B.C. Liberals launch aggressive attacks

The NDP has a “love affair with criminals”, according to Housing and Social Development Minister Rich Coleman. He made the statement in a November 4 news release after NDP MLAs criticized the Housing and Social Development Statutes Amendment Act, which, if passed, would deny welfare, disability benefits, and hardship allowances to people who have a warrant issued for their arrest under the Immigration and Refugee Protection Act or for any indictable offence.

In 1997, the NDP government introduced a regulation that prohibited giving welfare benefits to people fleeing warrants for indictable offences. Coleman cited this regulation to suggest that the Opposition was acting inconsistently. In the legislature in 1997, there was no mention of welfare benefits being denied to those with outstanding warrants under immigration legislation.

Coleman’s comment about the NDP came a couple of days after Burnaby-Lougheed Liberal MLA Harry Bloy claimed in the legislature that 2010 Games protesters were “terrorists” with a “limited intellect” after a number of people disrupted the Olympic torch relay in Victoria.

On October 30, a Victoria police spokesperson told the media that a protester threw marbles on the ground in the vicinity of police horses during the relay. However, Tamara Herman, a spokesperson for the group No2010 Victoria, later told the Victoria Times Colonist that it was not a member of her group who did this.

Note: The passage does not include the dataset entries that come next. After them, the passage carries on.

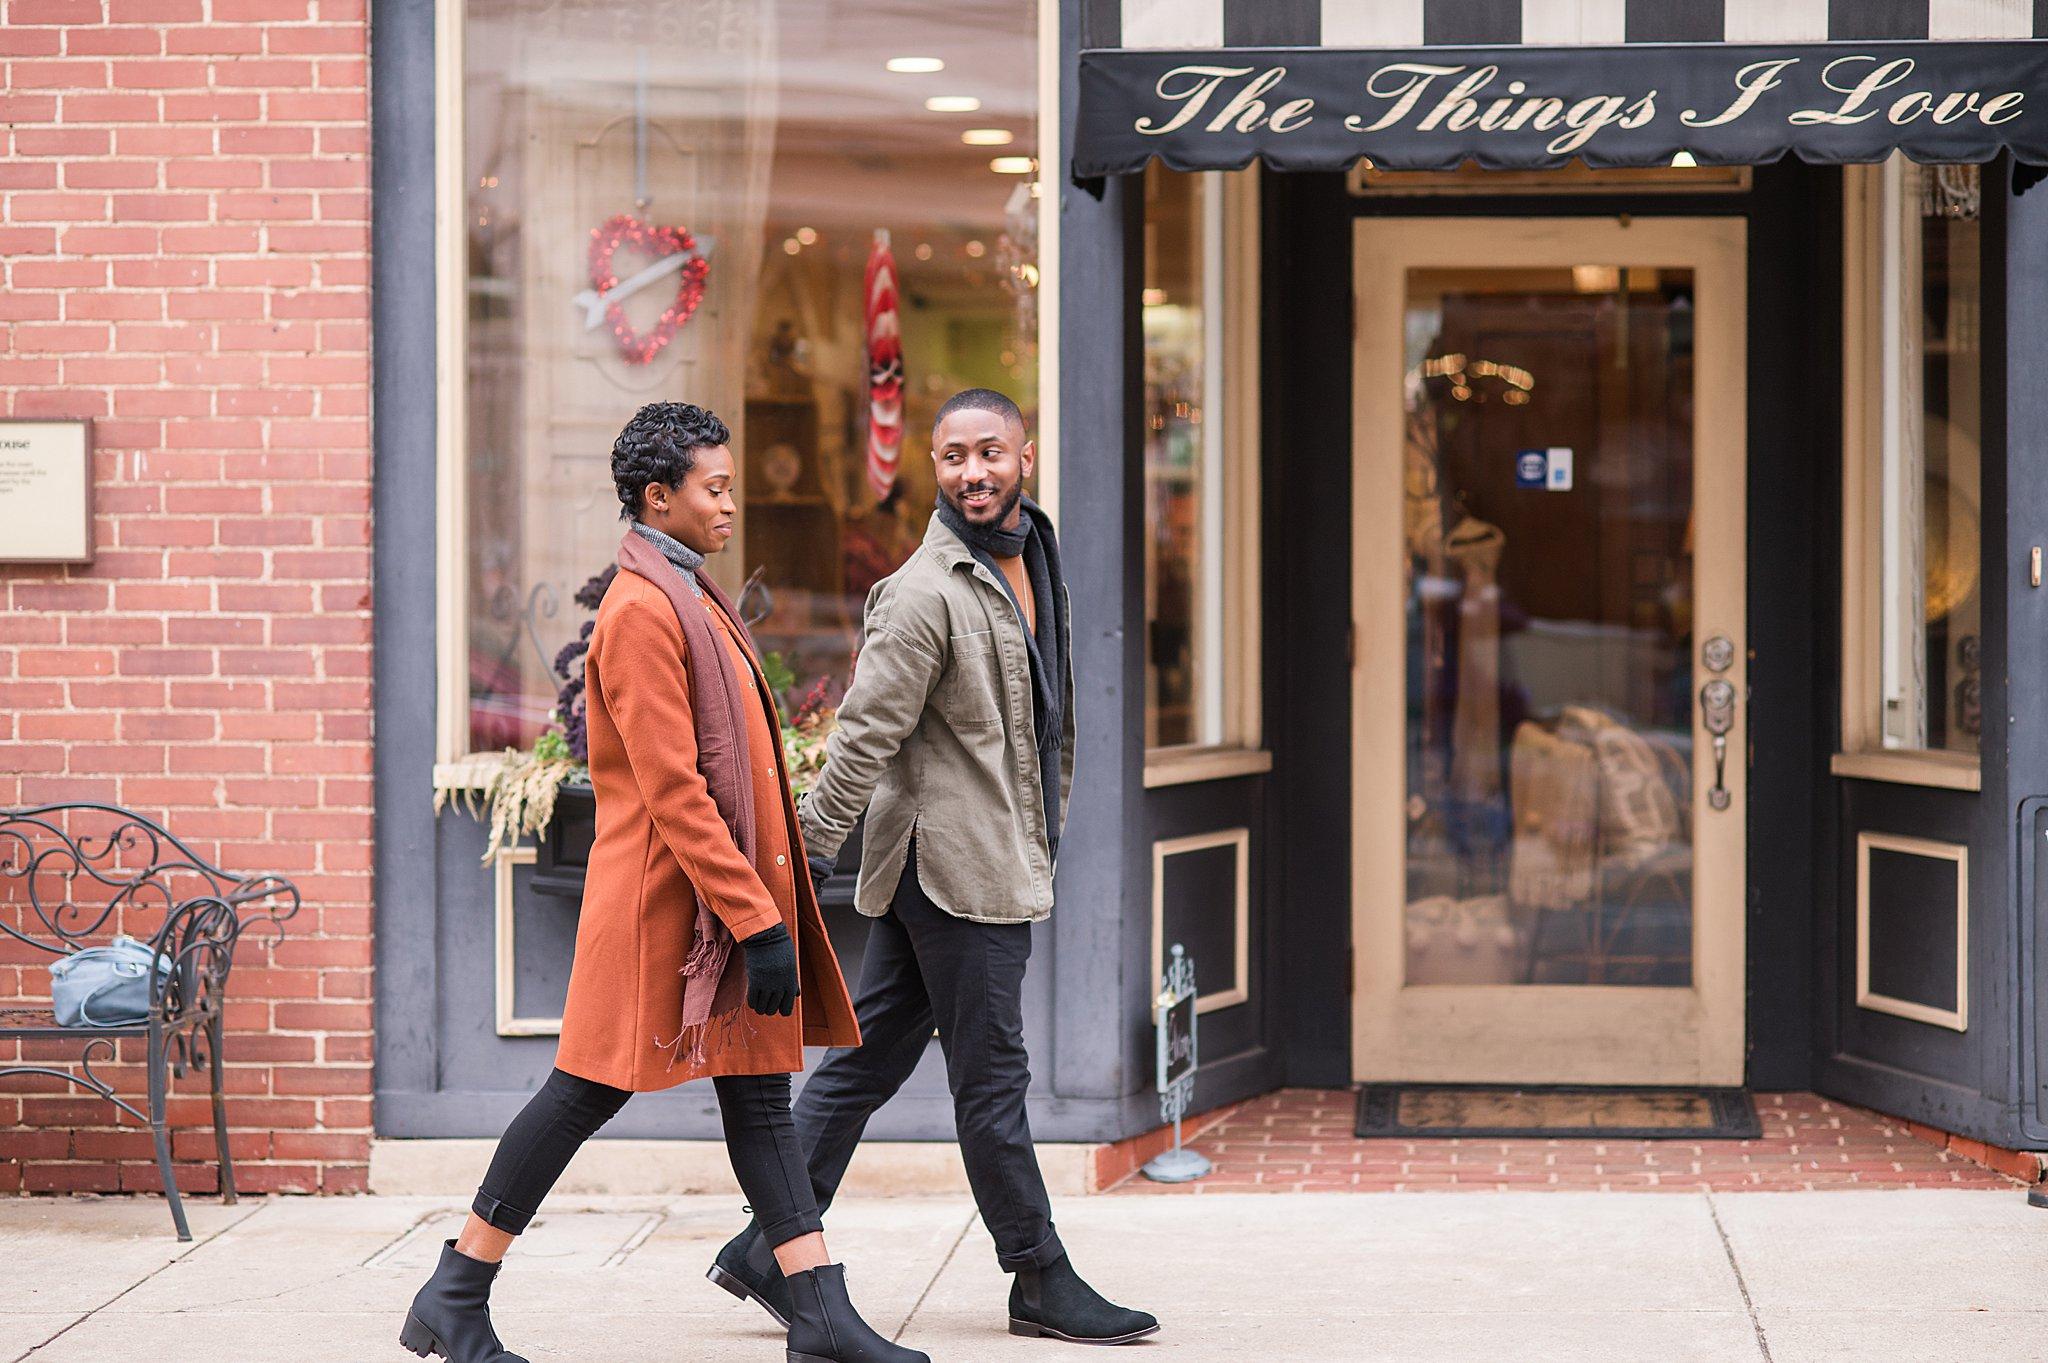 Engaged couple walking down sidewalk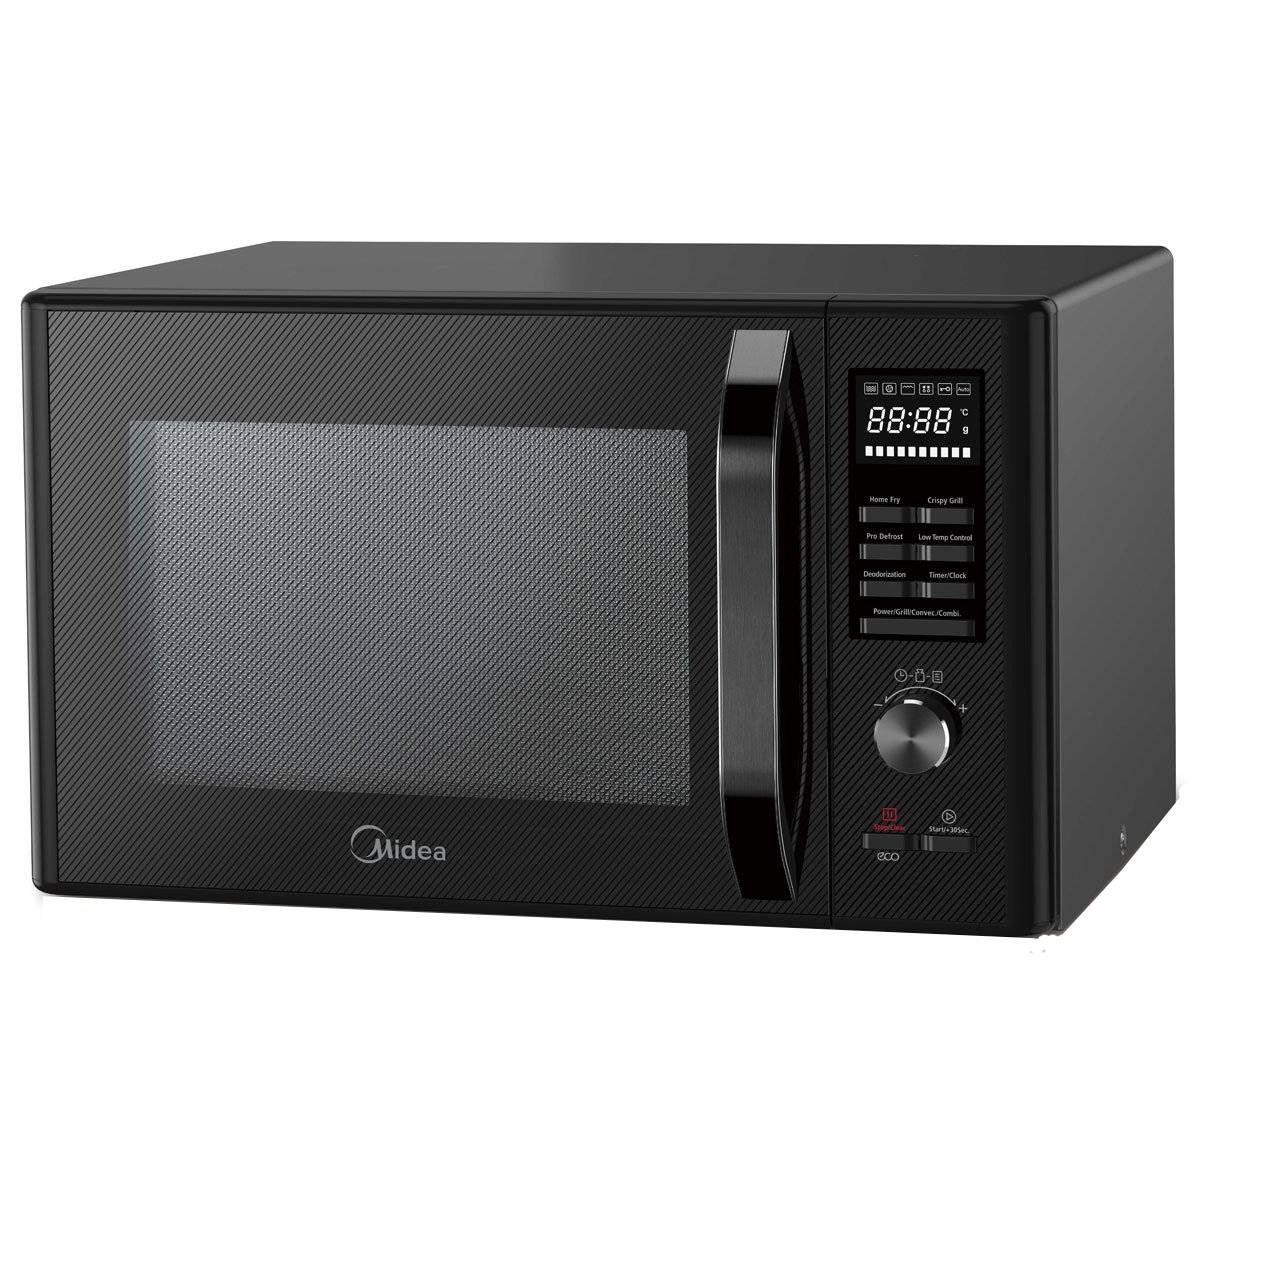 Midea MMWV30 Microwave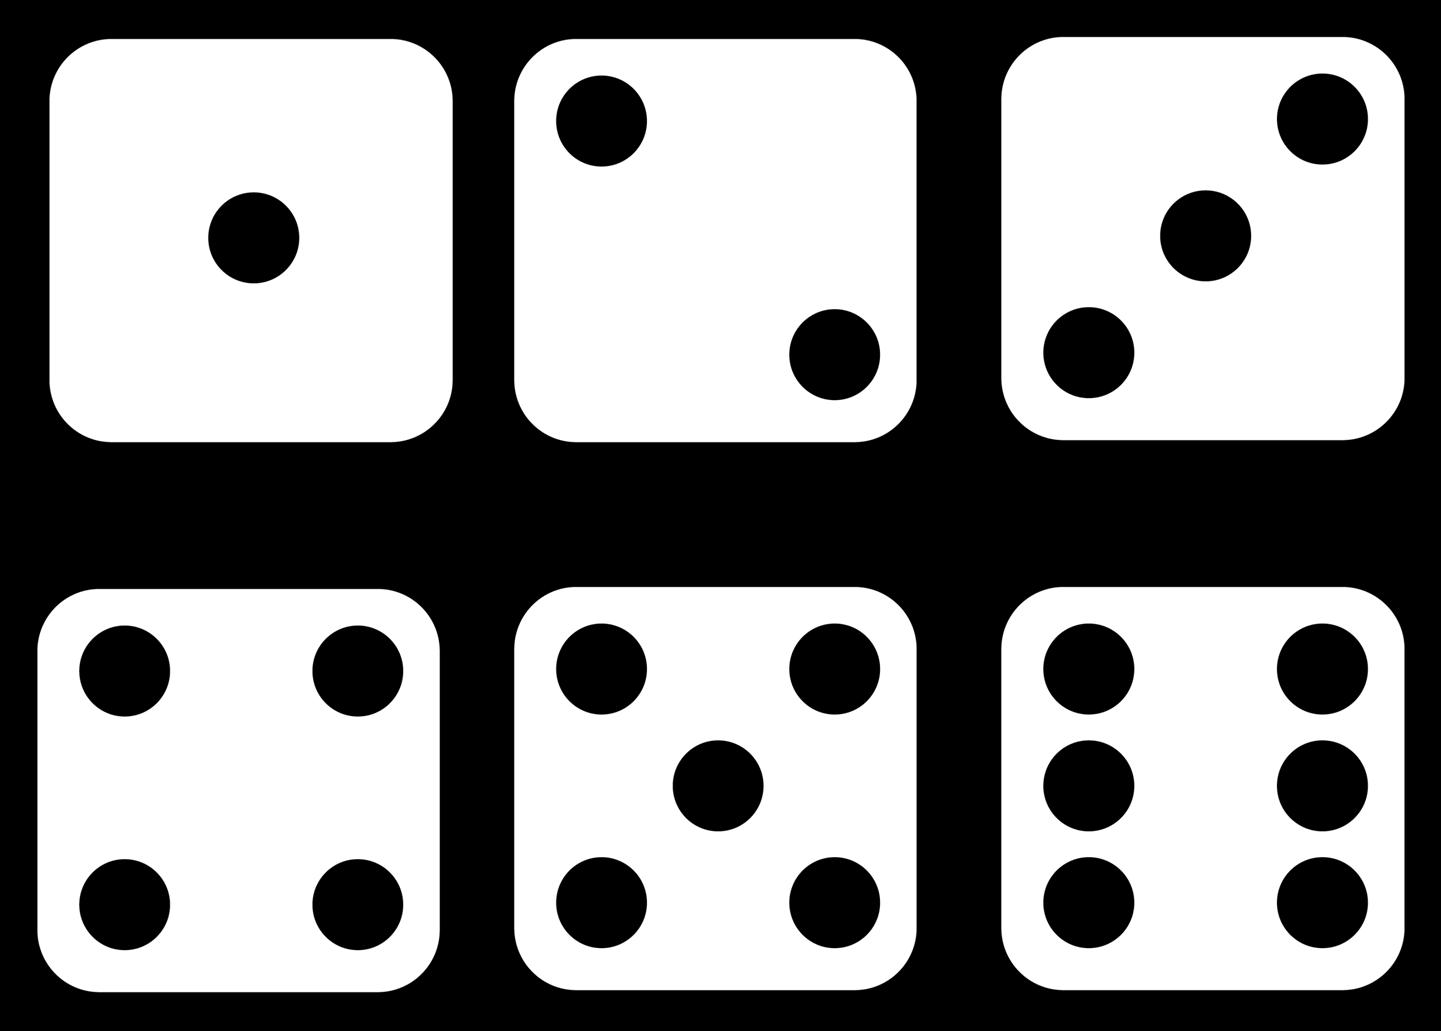 printable dice printable dice clipartsco dice printable

The Straight previously reported that the Vancouver 2010 Integrated Security Unit hasn’t ruled out the use of agents provocateurs.

Comments

4 Comments

Evil Eye

Nov 5, 2009 at 7:22am

A "Love affair with criminals"? I haven't seen the NDP kissy-kissy with the BC Liberals.

RodSmelser

Nov 5, 2009 at 8:39am

As political hardball goes, most of this is pretty lame, purely rhetorical stuff. I have to wonder why it was even noticed in any of BC's newsrooms.

Compare this to the kind of Karl Rove style hardball practiced by the federal Liberals in last year's election, blowing up three NDP candidates with video tapes and twelve year old news stories reinvigorated by closely worded, precisely lawyered "press releases", and there is no comparison.
Rod Smelser

dharmachick

Nov 6, 2009 at 10:10am

Harry Bloy needs to reconsider his harmful and silencing hyperbole. Shameful to abuse such a serious and violent word. Shameful.

Subhadeep

Nov 13, 2009 at 7:27pm

While I'm generally a small-l liberal, giving welfare and hardship allowances to people charged with serious crimes is beyond the pale ! I would fully support the centre-right BC Liberals on this issue.